Issue: 11. (November)

First Page: 1837

Last Page: 1837

Title: Dynamics of Cretaceous Epicontinental Seas: ABSTRACT

Author(s): Erle G. Kauffman

Abstract:

Acceleration of plate spreading and hot spot activity during the Cretaceous produced topographically elevated regions of the sea floor, which episodically displaced global sea level upward as much as 300 m (980 ft), broadly flooding the world's cratons with shallow epicontinental seas. Episodes of relative plate quiescence accompanied destruction of these topographic features and sea level fall. Ten such eustatic rise-fall events, third-order cycles averaging 10 m.y. in duration, are defined from coincident transgressive-regressive strandline migrations and various types of sedimentary cyclothems on many of the world's cratons; epicontinental seas and their sedimentary record comprise the most sensitive tools for defining sea level fluctuations. Precise correlation of the e eustatic fluctuations, and determination of rates of sea level change, are possible through a new technique of high-resolution event stratigraphy, integrated through graphic correlation with refined biostratigraphy and geochronology. The best documented record of Cretaceous eustasy, and the most refined system of geologic time and event correlation, is associated with the great Western Interior seaway of North America. This sea occupied a major foreland basin east of the North American Cordillera.

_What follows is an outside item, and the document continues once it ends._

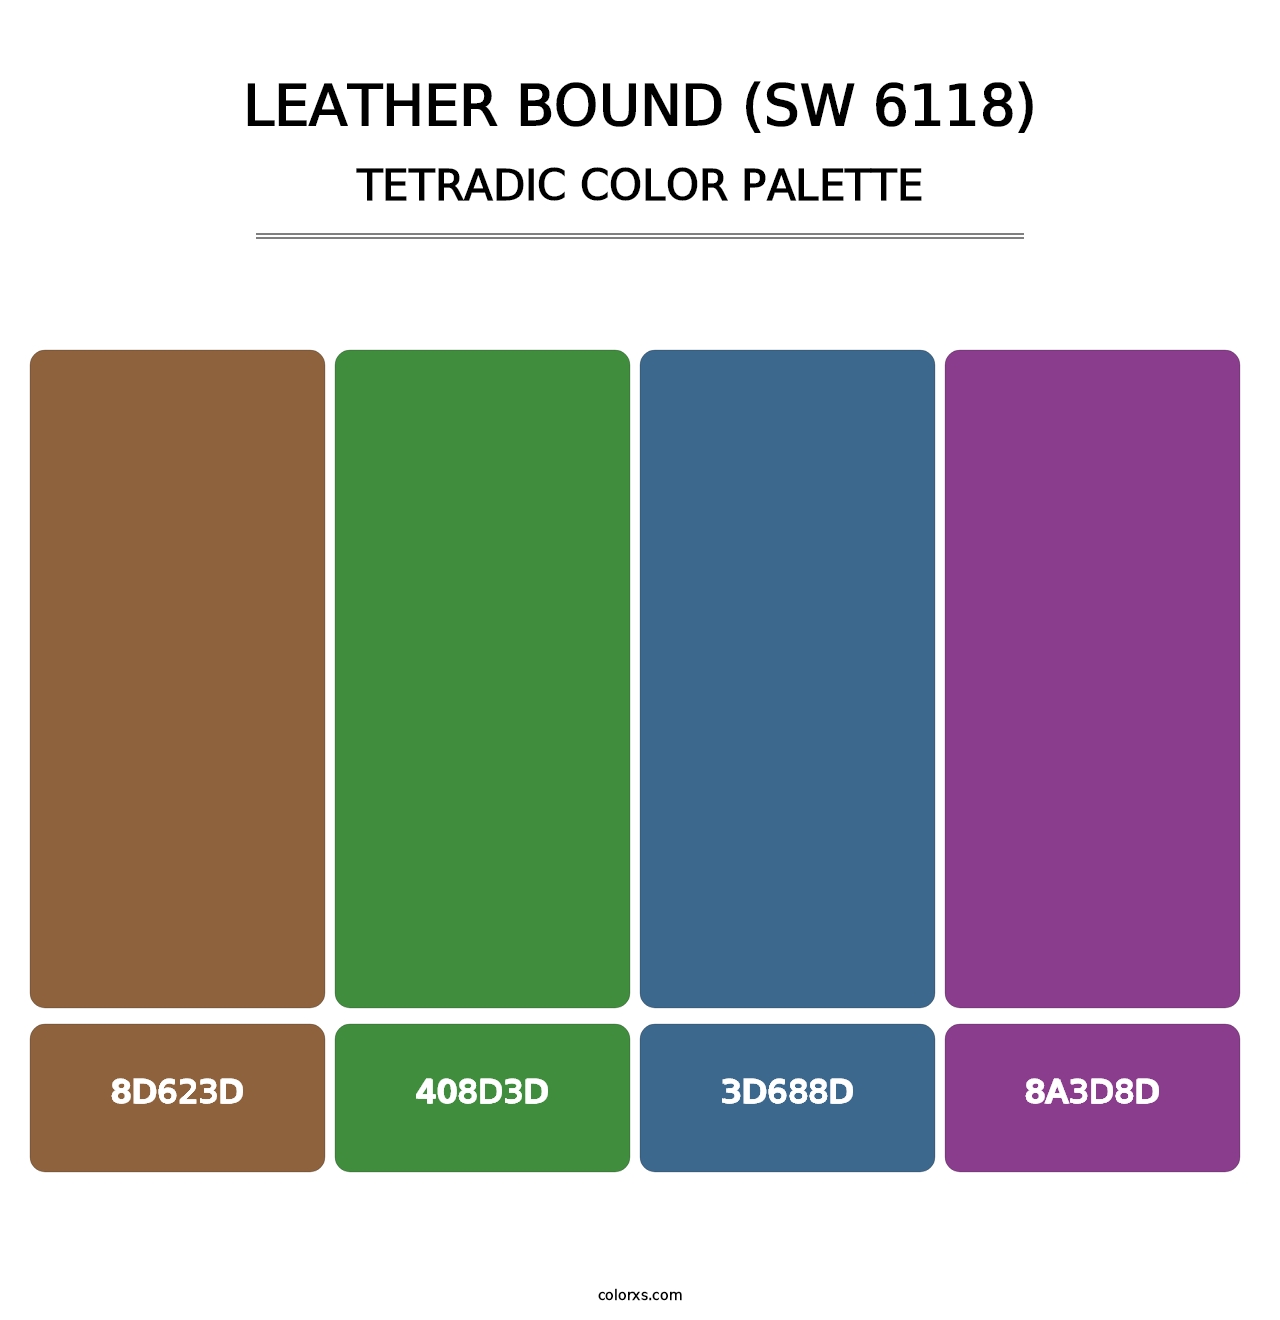 Leather Bound (SW 6118) - Tetradic Color Palette

In this basin, strong evidence exists for near-simultaneous response of regional tectonic and volcanic activity, sedimentation patterns, eustatic fluctuation, strandline migration, climate history, and variations in paleobathymetry, temperature, and water chemistry in the Western Interior seaway, with episodes of active vs. passive spreading and subduction. The dynamics of basin history documented in the Western Interior seaway serve as a new model for epicontinental marine history worldwide. Basin analysis suggests that, coincident with active plate spreading and subduction along the Pacific margin of North America, active thrusting, plutonism, and vulcanism characterized the western Cordillera; the foreland basin was subsiding at rates greater than predicted by tectonic/sedimentolog c loading; basement block faulting was initiated in the tectonic hinge zone; and the basin reached its deepest phase as sea level rose and marine transgression overprinted regional tectonic and sedimentologic features. Major thermal and chemical fluctuations, including regional and global anoxic events, characterized the seaway at this time, producing extensive source rocks. Subsequent phases of relative plate quiescence were coincident with major reduction in Cordilleran tectonics, vulcanism, and basin subsidence, as well as with eustatic fall and epicontinental regression. Resultant filling of the seaway with sediments allowed extensive eastward progradation of clastic wedges across the basin axis and onto the stable eastern platform, forming the major Cretaceous hydrocarbon reservoirs Most major coal deposits formed on delta and strand plains during relative eustatic stillstand at peak transgression and peak regression. The integrated study of basin dynamics in epicontinental seas, linked to eustatic history, allows the development of powerful exploration models for fossil fuels.